= April Soetarman =

American architect and designer

April Soetarman is an artist, architect, and designer who creates public art, installations, interactive narratives, and "weird side projects". She is originally from the Bay Area, California and is based in Brooklyn, New York for her work. She graduated from UC Berkeley in 2012 with a double major in Architecture and Music.

== Work ==
Soetarman used to work at Studio 07 the Experience Design and Environmental Graphics Design studio. Here, she focuses on installation, curation, and storytelling as her prime topics to make art and technology for the built environment to exhibit designs that inform, persuade, delight, and inspire. She operates under the semi-anonymous moniker WeirdSideProjects.com which she describes as an experiment in code, text, street art, food, and feelings. She displays her work focused on creating moments of delight through tactical urban trouble-making, immersive installations, or online media. Her goal is to invoke memory and emotion through her art and has worked with firms across the United States on an extensive range of projects varying from exhibit design to large-scale public art and sound art installations to achieve this. She was a finalist in the 2021 Interaction Awards for her "The End of the Day" project.

== Notable work ==
Soetarman is known for creating street signs with messages on them. For example, these street signs include messages like "'NOTICE: I never stopped loving you. I hope you're well'" as well as "CAUTION: Beware of unreliable narrators" plus many others. In 2016, Soetarman started this as a personal, Seattle-based project. She was motivated to create these signs to further explore different artistic avenues and to cope with personal struggles.
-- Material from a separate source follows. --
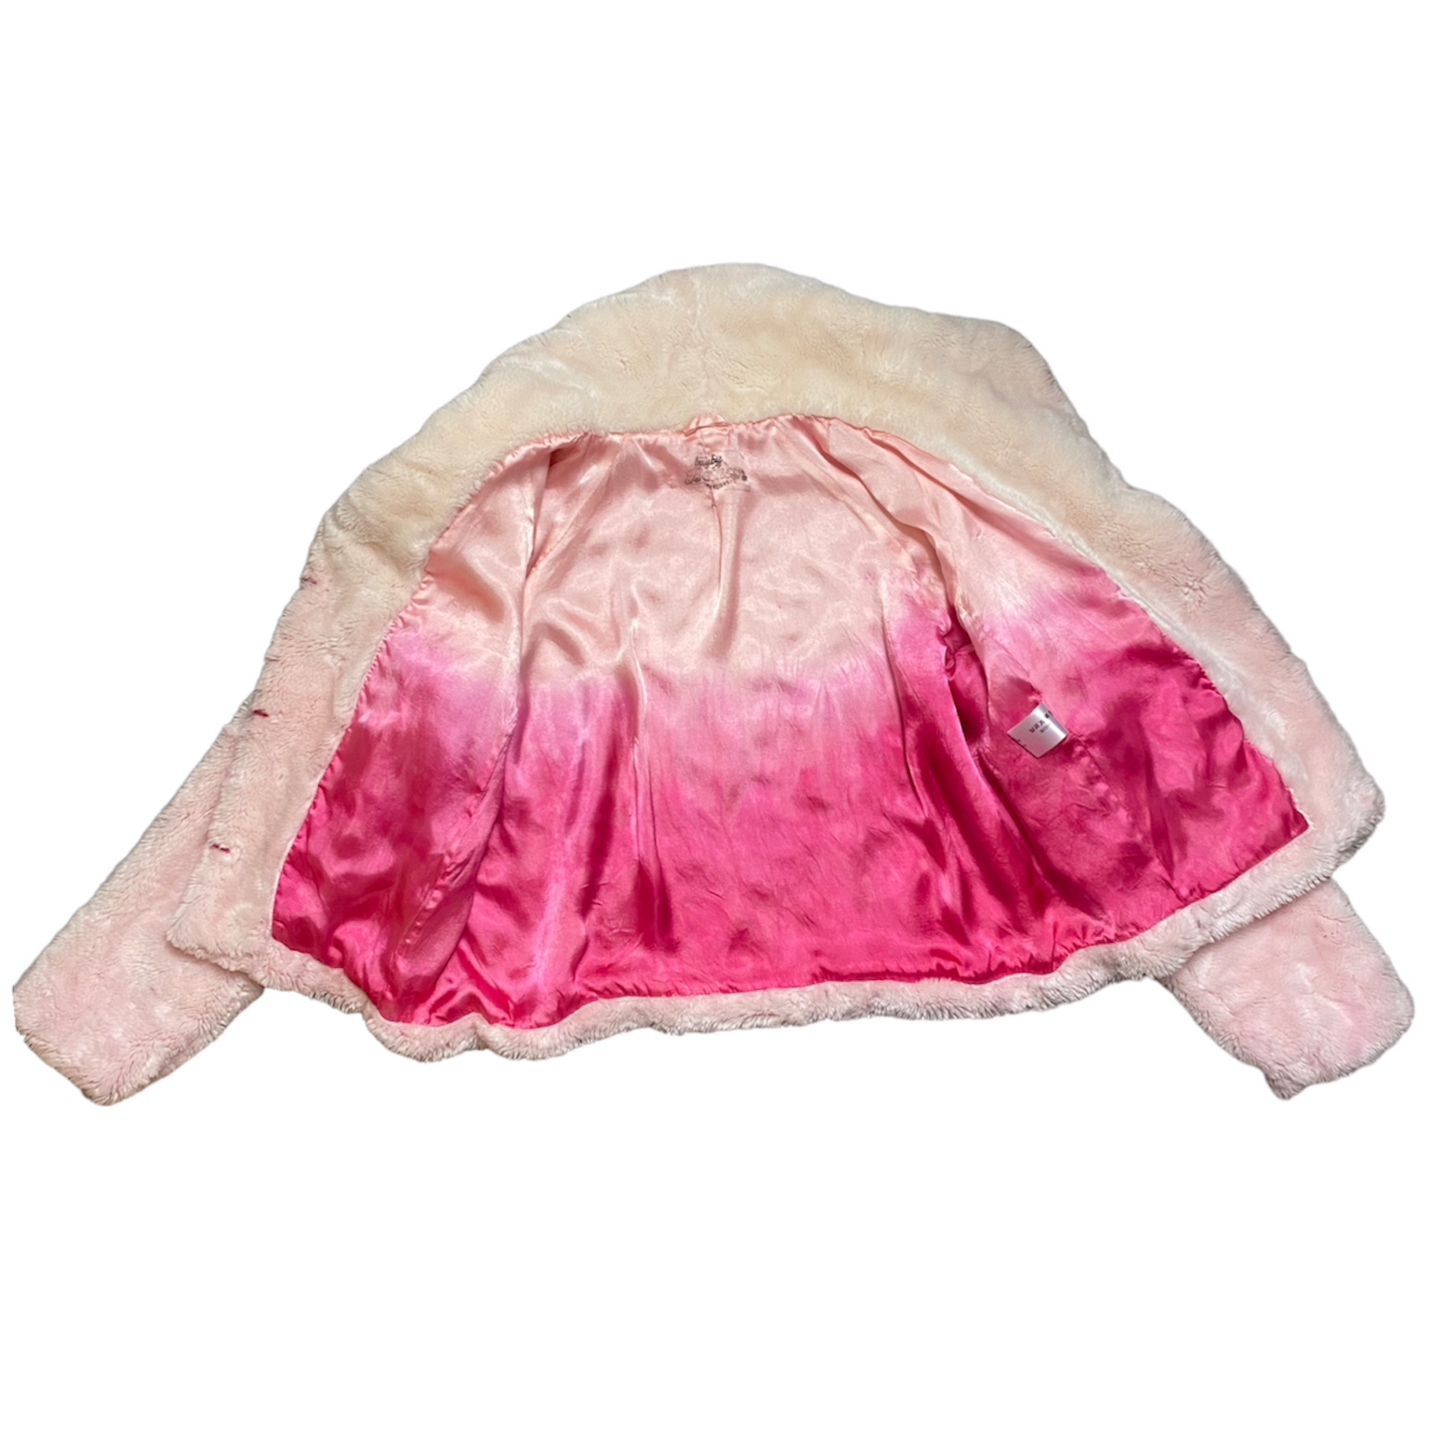 Light Pink Fluffy Coat

Another notable project of Soetarman's is "The End of the Day." "The End of the Day" is a calming, listening activity that takes place over the phone. The recording reflects with a listener on time and sunsets within 10 minutes. To participate, she has attached plaques with a phone number and instructions to different New York City benches.

Finally, Soetarman created the "Museum of Almost Realities." This museum exhibit considers events that could have happened in one's life had the person made different decisions.